Nun habe ich so viel darüber gesprochen welche positive Wirkung Akupunktur auf den Geburtsverlauf hat. Nun interessiert dich sicher auch, was dich bei einer Akupunktursitzung erwartet und wie diese durchgeführt wird.
Wo werden die Nadeln bei einer Schwangeren gesetzt?
Grundsätzlich werden sechs bis acht Nadeln in den Beinen und an den kleinen Zeh gesetzt. Dies bewirkt eine Stimulation und wie bereits erwähnt, den Energiefluss auf den Meridianen.
Ist die Akupunktur schmerzhaft?
Nein, es ist in der Tat nur ein kleiner Pieks, da die Akupunkturnadeln sehr dünn sind. Es ist viel weniger als der Stich bei einer Spritze oder Blutentnahme. Ich persönlich nutze Nadeln aus Silikon. Diese gleiten spürbar leichter. Einige Frauen meinen, sie würden ein leichtes Kribbeln empfinden, sobald die Nadeln liegen. Das spricht dafür, dass die Energie fließt. Wenn man nichts merkt, ist dies aber auch vollkommen ok.
Wie oft wird geburtsvorbereitende Akupunktur durchgeführt?
Du kannst ab der 36. Schwangerschaftswoche mit den Sitzungen beginnen. Diese finden dann einmal in der Woche statt. Optimalerweise schafft man mindestens 3 Sitzungen der angestrebten 4. Dabei wird in der ersten Sitzung darauf verzichtet, die Nadeln am kleinen Zeh zu setzen, da diese wehenanregend wirken kann.
Wie lang dauert eine Sitzung?
Bei der Länge der Sitzung kannst Du Dich auf 20 bis 30 Minuten einstellen.

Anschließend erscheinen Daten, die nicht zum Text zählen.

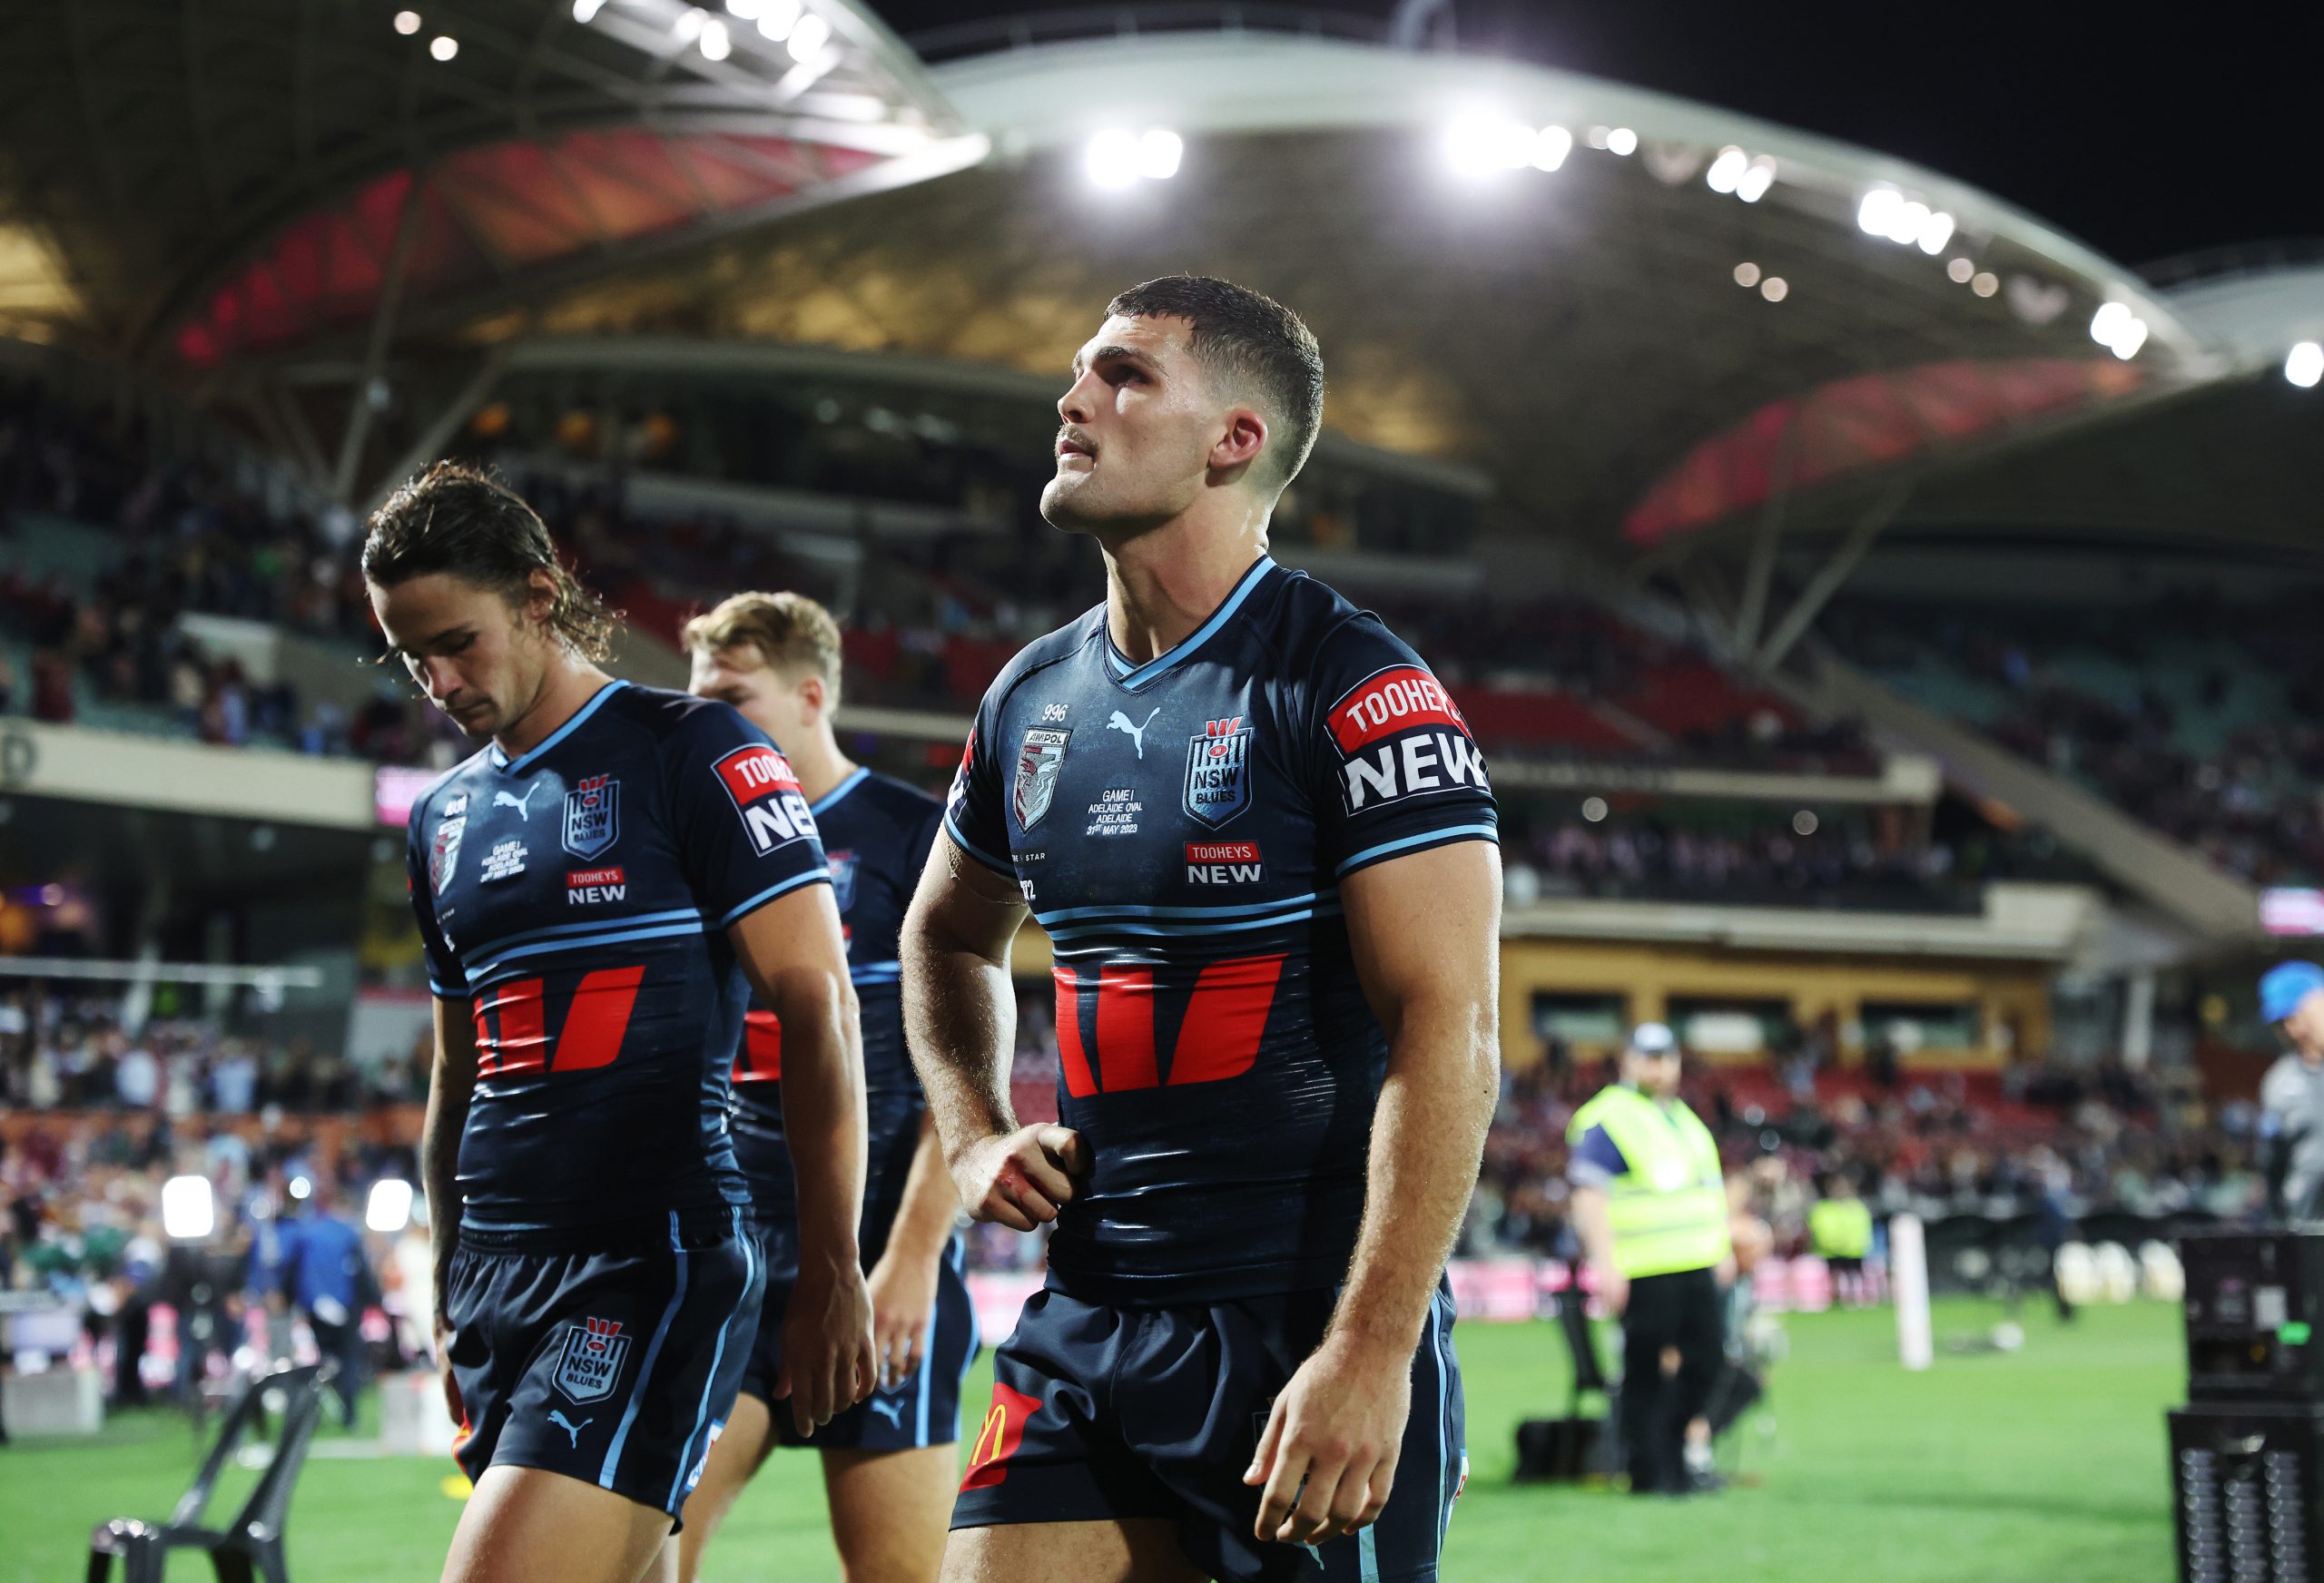 ADELAIDE, AUSTRALIA - MAY 31:  Nathan Cleary of the Blues looks dejected as he walks from the field after defeat during game one of the 2023 State of Origin series between the Queensland Maroons and New South Wales Blues at Adelaide Oval on May 31, 2023 in Adelaide, Australia. (Photo by Mark Kolbe/Getty Images)

So lange dauert in der Regel eine geburtsvorbereitende Akupunktur. Vorab führe ich persönlich gern ein kurzes Gespräch und danach ist es ratsam, sich noch ein wenig zu erholen und nicht sofort aufzuspringen. Manchmal tritt eine wahnsinnige Müdigkeit nach der Akupunktur auf, so dass sich viele Frauen anschließend zu Hause gerne hinlegen.
Ist eine solche Behandlung unbedenklich für das Baby?
Ja, die geburtsvorbereitende Akupunktur ist unbedenklich. Das Baby selbst bekommt davon nichts mit. Einige werdende Mütter berichten davon, dass ihr Kind während und nach der Behandlung besonders aktiv ist. Schädlich ist sie auf keinen Fall.
In welchem Fall wird eine Akupunktur abgelehnt?
Es spricht nur sehr wenig gegen eine Akupunktur. Lediglich bei Frauen, mit vorzeitiger Wehentätigkeit wäre ich etwas vorsichtiger und würde mit den Sitzungen erst ab der 37. SSW beginnen.
Ist mit Nebenwirkungen zu rechnen?
Jede Behandlung kann hin und wieder Wirkungen haben, die nicht erwünscht sind. Das ist bei der Akupunktur nicht anders. Allerdings musst du nichts Ernstes befürchten. Einige Frauen klagen über niedrigen Blutdruck und ein leichtes Schwindelgefühl direkt nach der Sitzung. Hier empfiehlt es sich, nach der Behandlung noch etwas Zeit zu nehmen. Übelkeit tritt sehr, sehr selten auf. Außerdem selten sind Reizungen an den Einstichstellen. Kommt es doch mal dazu, dass ein kleines Blutgefäß verletzt wird, kann es zu einem kleinen blauen Fleck kommen. Das dürfte aber angesichts der vielversprechenden Wirkungen zu verkraften sein. Ansonsten ist die geburtsvorbereitende Akupunktur eine harmlose und tolle Möglichkeit, seinen Körper auf das große Abenteuer, die Geburt, vorzubereiten.